A lot or a little?
The parents' guide to what's in this game.
What parents need to know
Parents need to know that Panda Poet is a browser-based word game that can be played against other opponents locally or over the Web or against the computer. It has no inherently provocative content, though players can spell light cuss words with double meanings, such as “ass.” Players can also chat with random online opponents via a simple text box, creating the potential for inappropriate conversations and the exchange of identifying information with strangers.
What's it about?
PANDA POET is a word game played in your Web browser against local players, online players, or the computer. Players take turns spelling words by combining any of the letters currently shown on the game board. Some letters offer bonuses and score multipliers, but the real trick is in creating and stealing pandas. Pandas are formed with each letter you use, and rectangular groups of adjacent pandas turn into a single large panda. These big pandas are worth bonus points at the end of the game, and can alter the outcome of a match. Pandas can change ownership if players use adjacent letters, which means the tide of a game can shift dramatically with just a few well-chosen letters in the final rounds. The free version offers players just one seven-by-seven game board supported with ads. Pay $2.99 for the full version and the ads will disappear. You’ll also gain access to bigger game boards.
Is it any good?
Panda Poet doesn’t feel much like any other word game we’ve run across -- which is saying something, given the glut of cheap word-based games flooding the web. Its turn-based nature and square tile board filled with letters assigned varying points give it a vaguely Scrabble-like flavor. Similarities to Bookworm, Boggle, and Word Racer are present, too. However, the ability to grab letters from anywhere on the board and strategic objective to create pictographic panda blocks gives it a feel all its own.

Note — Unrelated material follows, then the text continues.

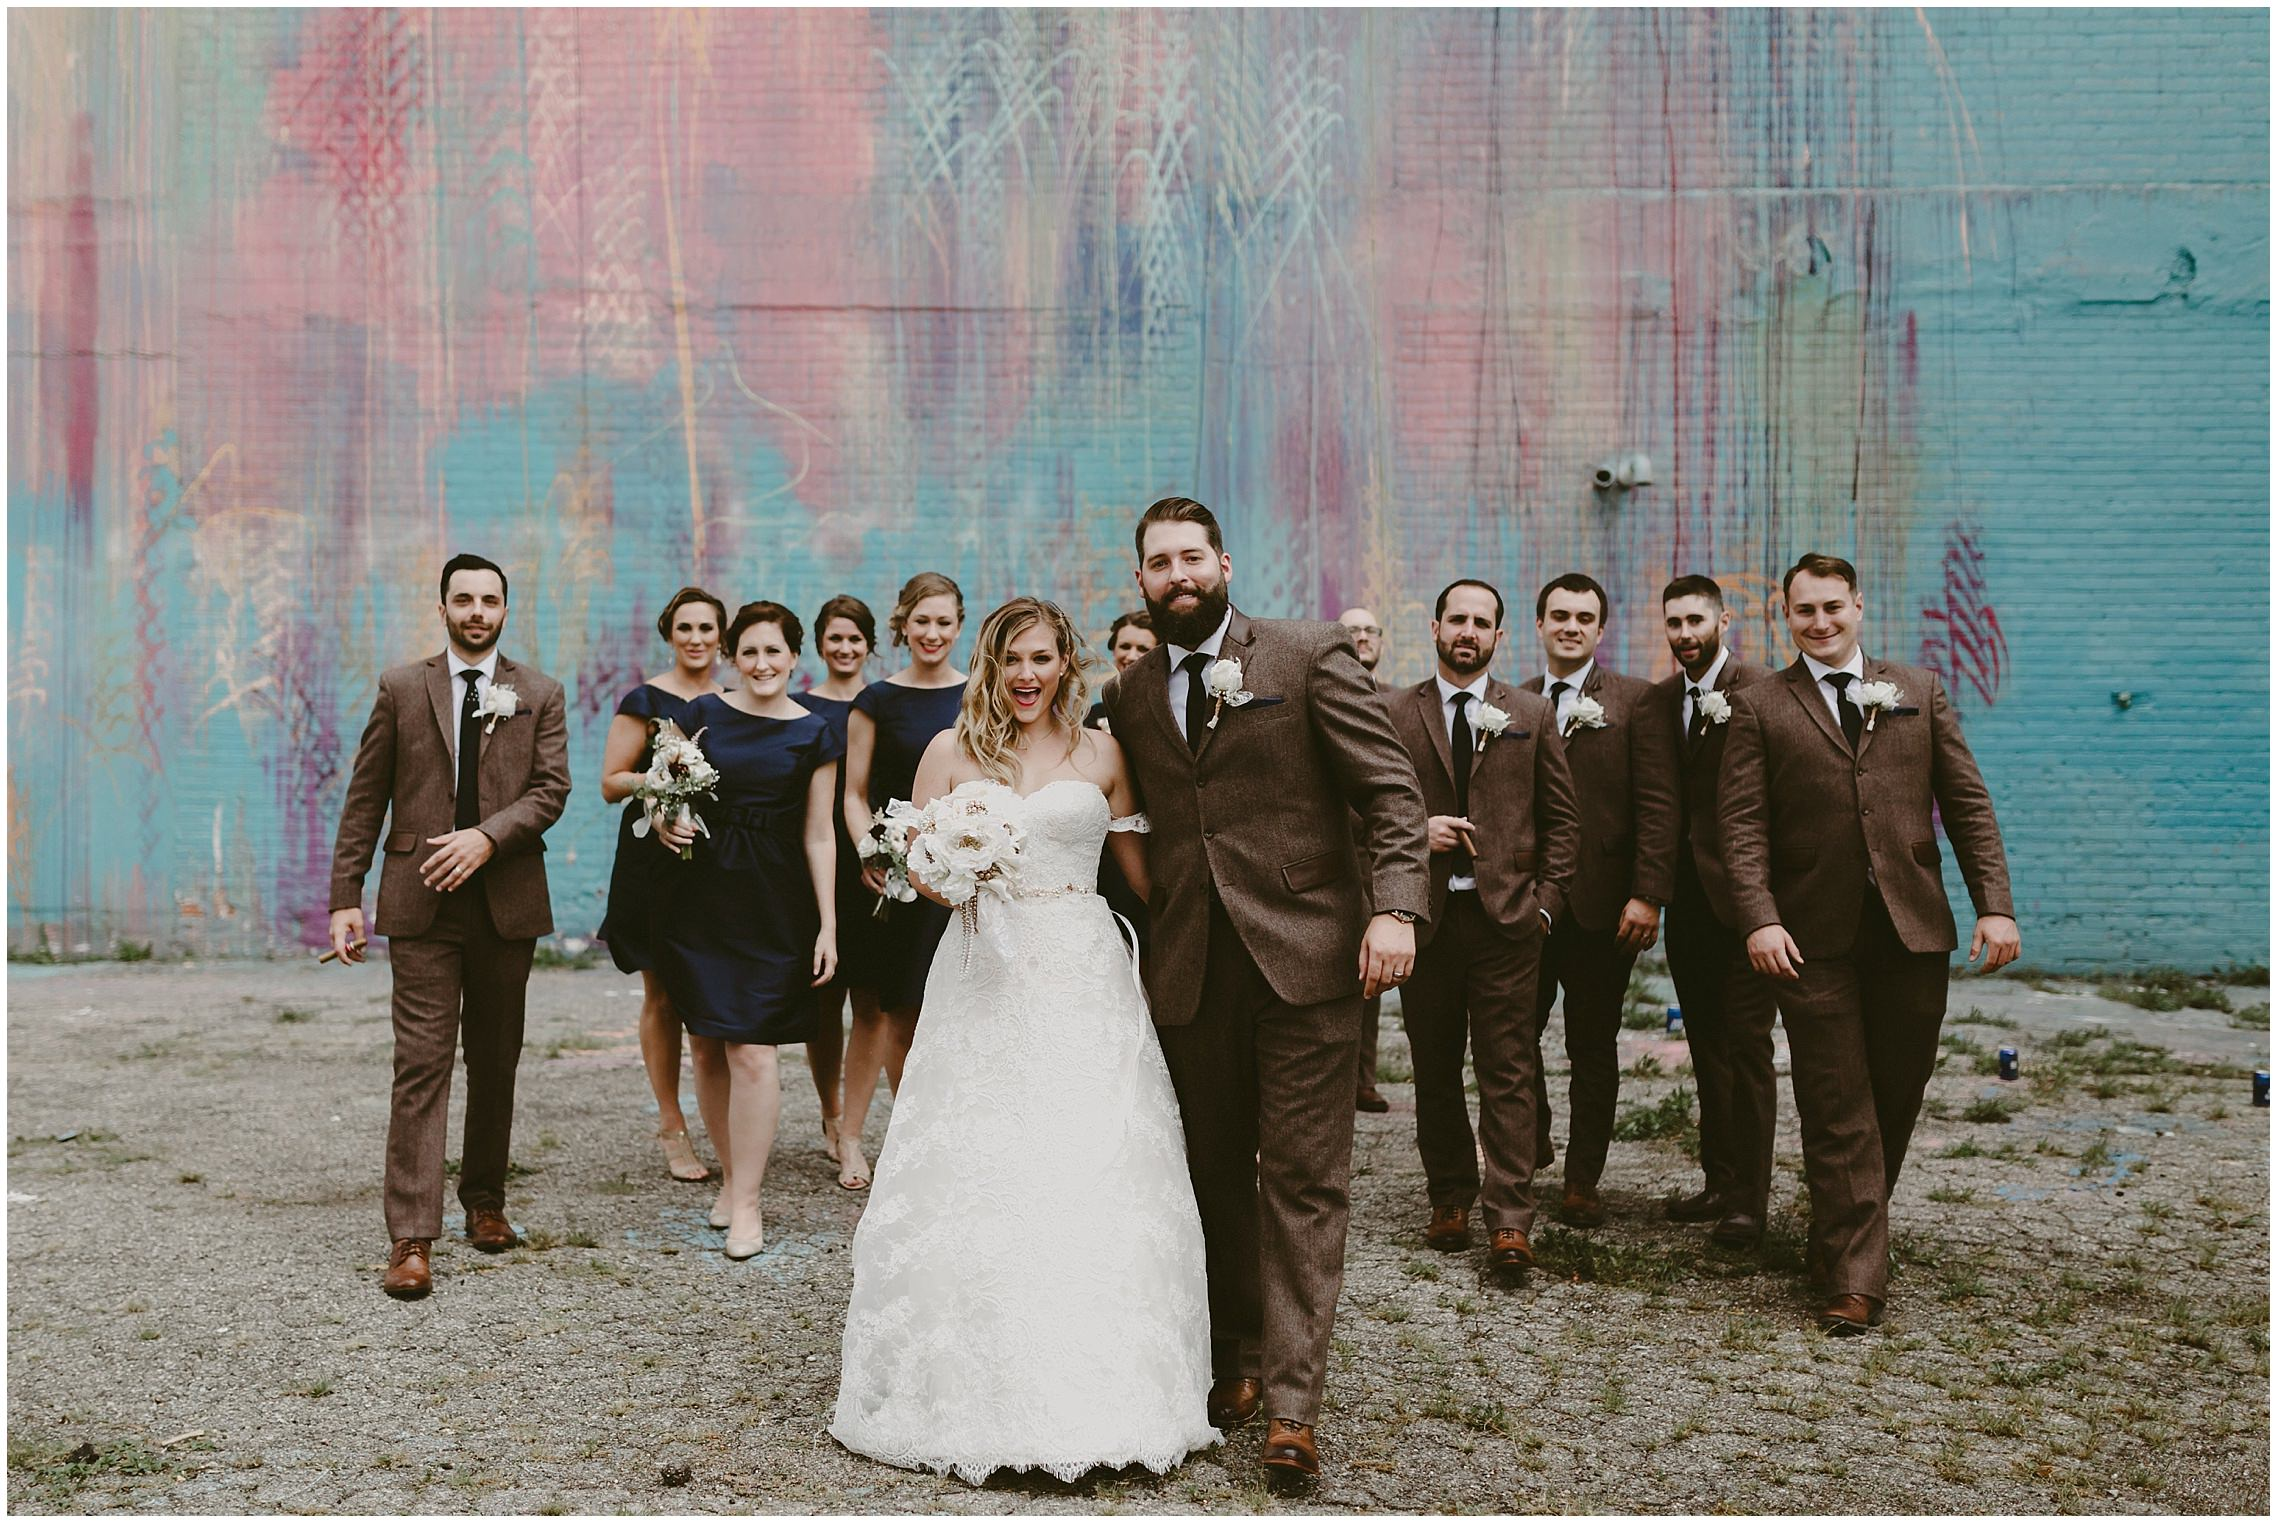 brick_and_mortar_colorado_wedding_photographer_0214.jpg
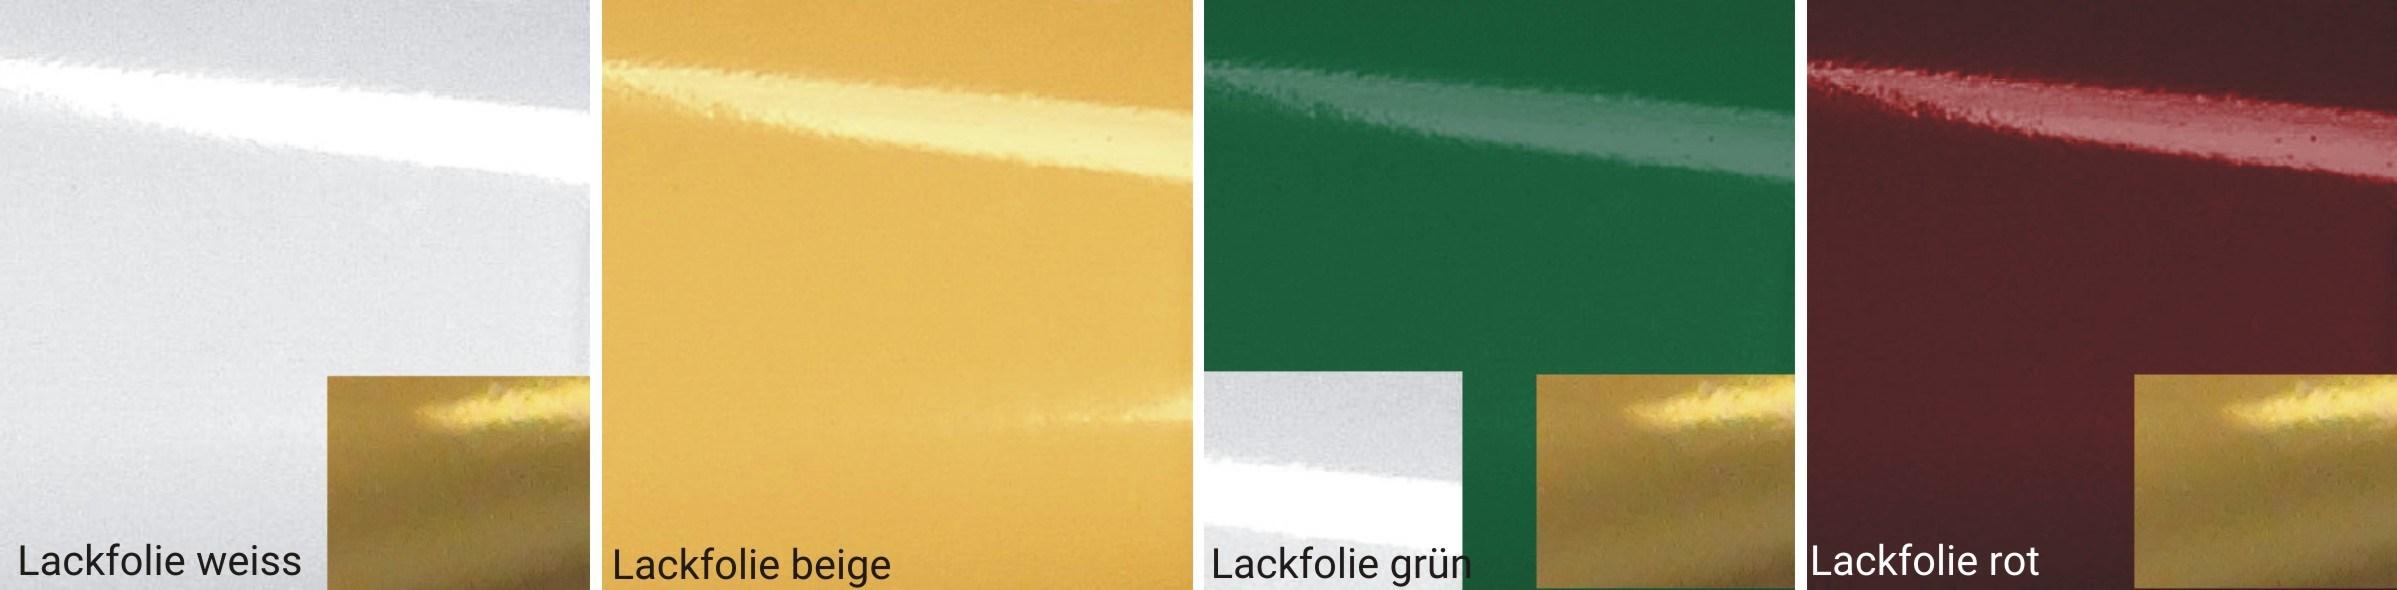 Lackfolie-balken-1

It’s not quite as accessible as you might hope -- we found it difficult to work out the rules behind the panda-stealing system without playing the tutorial -- but it remains fun even as you’re working things out. Word game fans would do well to give this one a shot, especially given the basic edition is free.
Talk to your kids about ...
Families can talk about having fun with words. What kind of word games can you make up? Have you tried rearranging words on signs while waiting for a doctor’s appointment, or attempting to come up with anagrams using your name?
Families can also discuss online safety. What sort of things should you never reveal about yourself to strangers online? What would you do if you thought an online stranger was prying for personal information?